Film the bottom of the pan again, add the rest of the garlic, and again cook until just beginning to brown. Add the chicken by reaching into the bag and removing with tongs. Lots of marinade will drip into the pan, which is fine, but don’t pour the bag in. Reserve the excess marinade. Stir fry the chicken until just done, about 2 minutes. Remove to the bowl on top of the greens.
Return the pan to the fire. Add the stock, the kecap manis, the remaining soy, the remaining oyster sauce, the remaining marinade, a squirt of sriracha, and a bit more black pepper. Stir to combine and bring to a rapid boil.

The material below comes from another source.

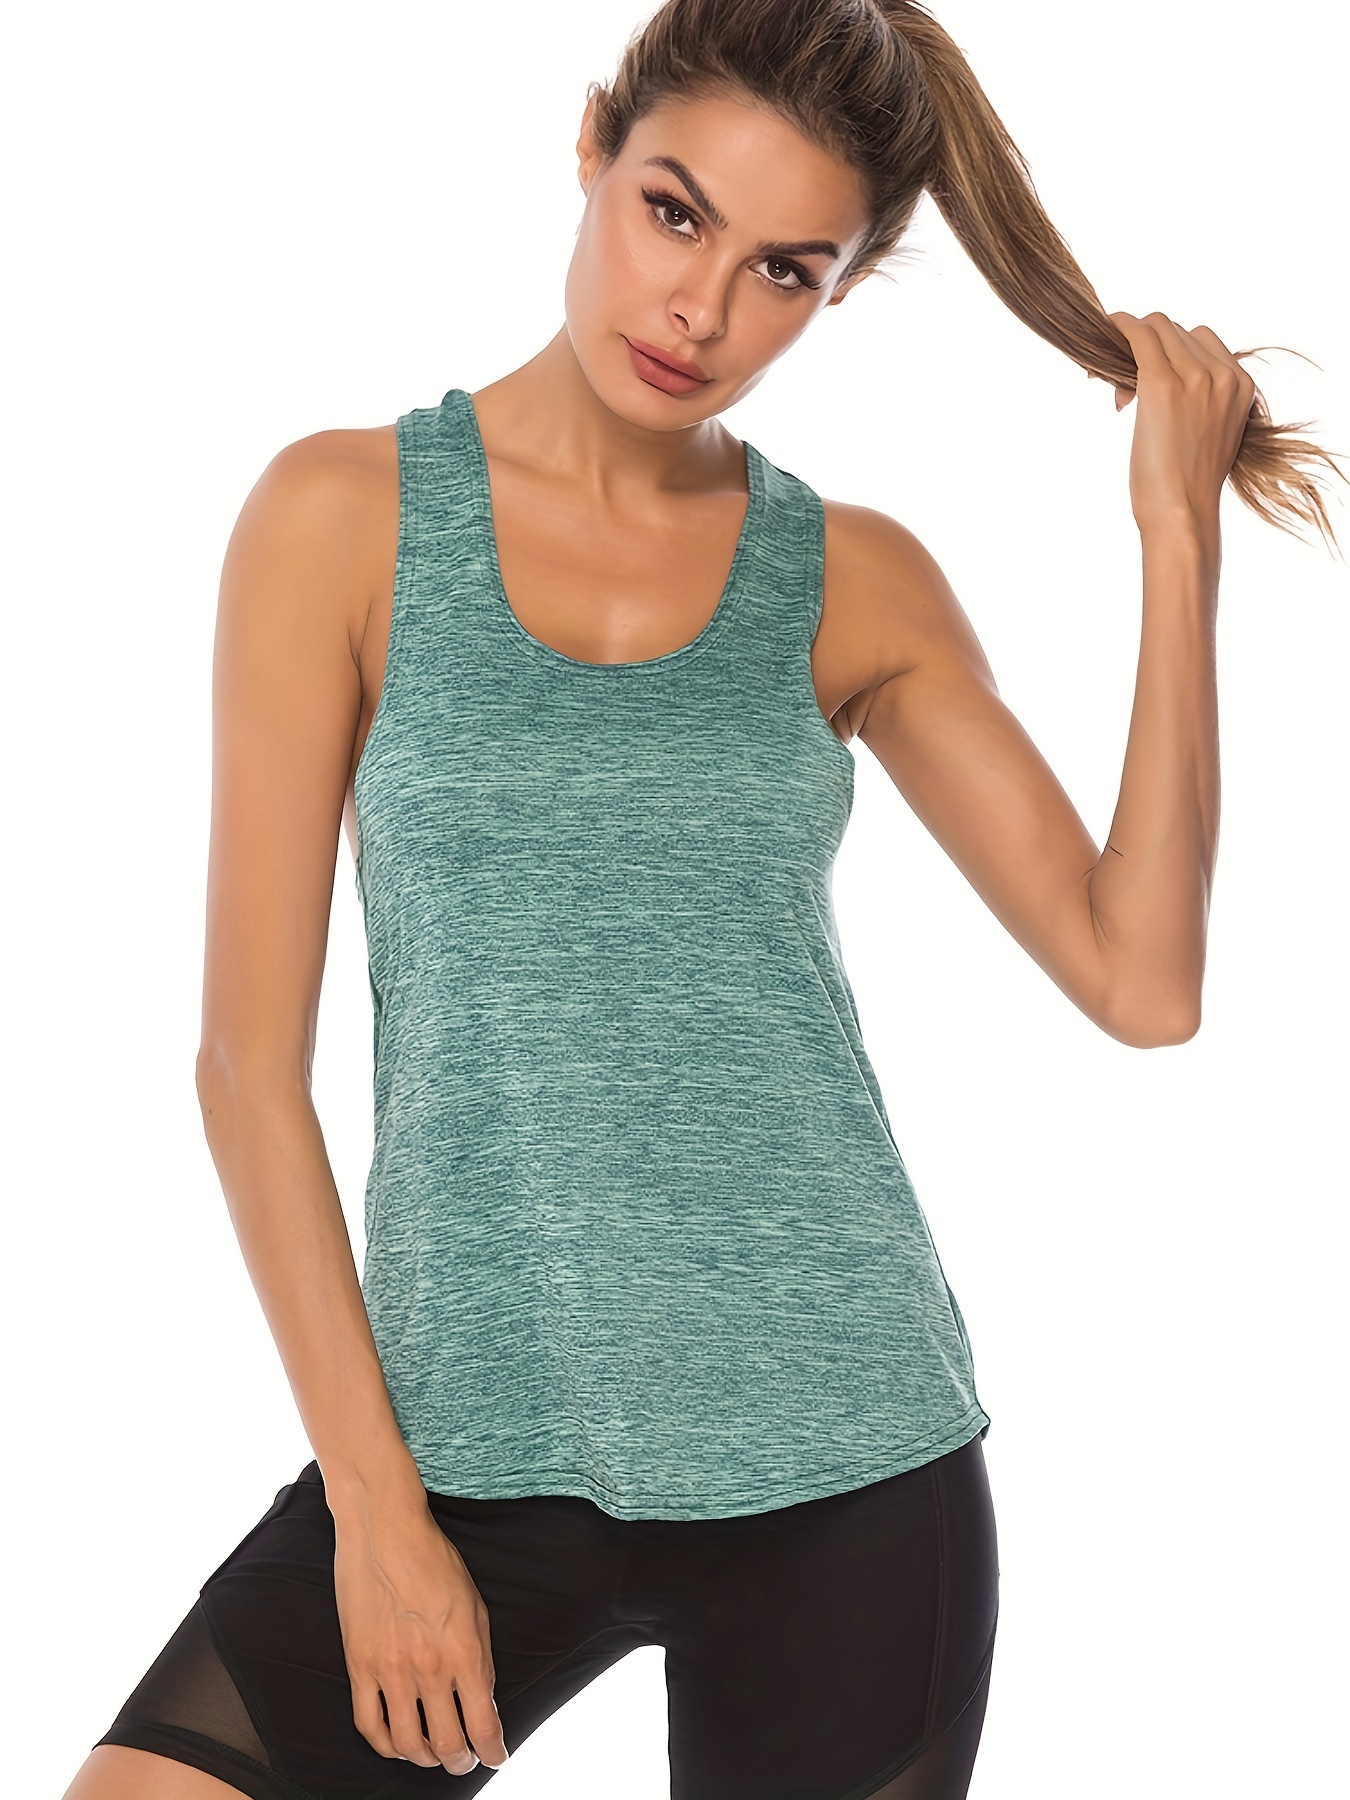 Spencer Women's Workout Tank Tops Casual Sleeveless Racerback Athletic Yoga  Tops Quick Dry Sport Shirts for Gym Exercise (M, Green)

Add the noodles and stir to thoroughly submerge. Reduce heat to medium or medium high and cook, stirring frequently, until all the liquid is absorbed. At this point, if you’re using a non-stick pan (or its cast iron equivalent), you can go a little further, and keep cooking until the noodles dry out a bit and the sugars start just barely approach burning. You don’t want them to burn, of course, because that will make the whole thing unforgivably bitter, but they’re not going to get that high heat sugar caramelization at 212 degrees, which was their limit when braising. There’s a certain transformation that happens just after all the liquid disappears but before they over cook that is characterized by toughness, just a bit of chewiness, that occurs in addition to the high sear flavor left on the sides of some of the noodles Aside from just being really appealing, in my mind, one of the signatures of this dish. You don’t want to overcook these, or they’ll turn into a gooey, glutinous mess. You may even need to boil the noodles a little bit if they’re just releasing too much starch into the pan – that’s up to you and your noodles. But you do want to give them just enough time without any liquid to transform just a bit – you’ll know it when you taste it. The problem with using a standard aluminum or steel or copper pan is that they’ll just end up leaving a layer of sticky starchy stuff on the bottom which will reform and burn as fast as you can scrape it up. You want these noodles to remain in tact, and unless you’re working with a wok that’s been seasoned by generations of use, I recommend non-stick.
When the noodles have transformed, and not a minute after, transfer them to the bowl and toss the whole thing so that the greens and chicken are evenly distributed. The juices in the bottom of the bowl will remoisten the entire dish just right. Like all things, you’ll have to learn exactly how your brand of noodles reacts, how much liquid your greens release in the bowl, etc. If it’s just soup, you should add it to the pan before you put the noodles down. In any case, when the thing has become perfectly moist again and everything is distributed evenly, serve at once and enjoy!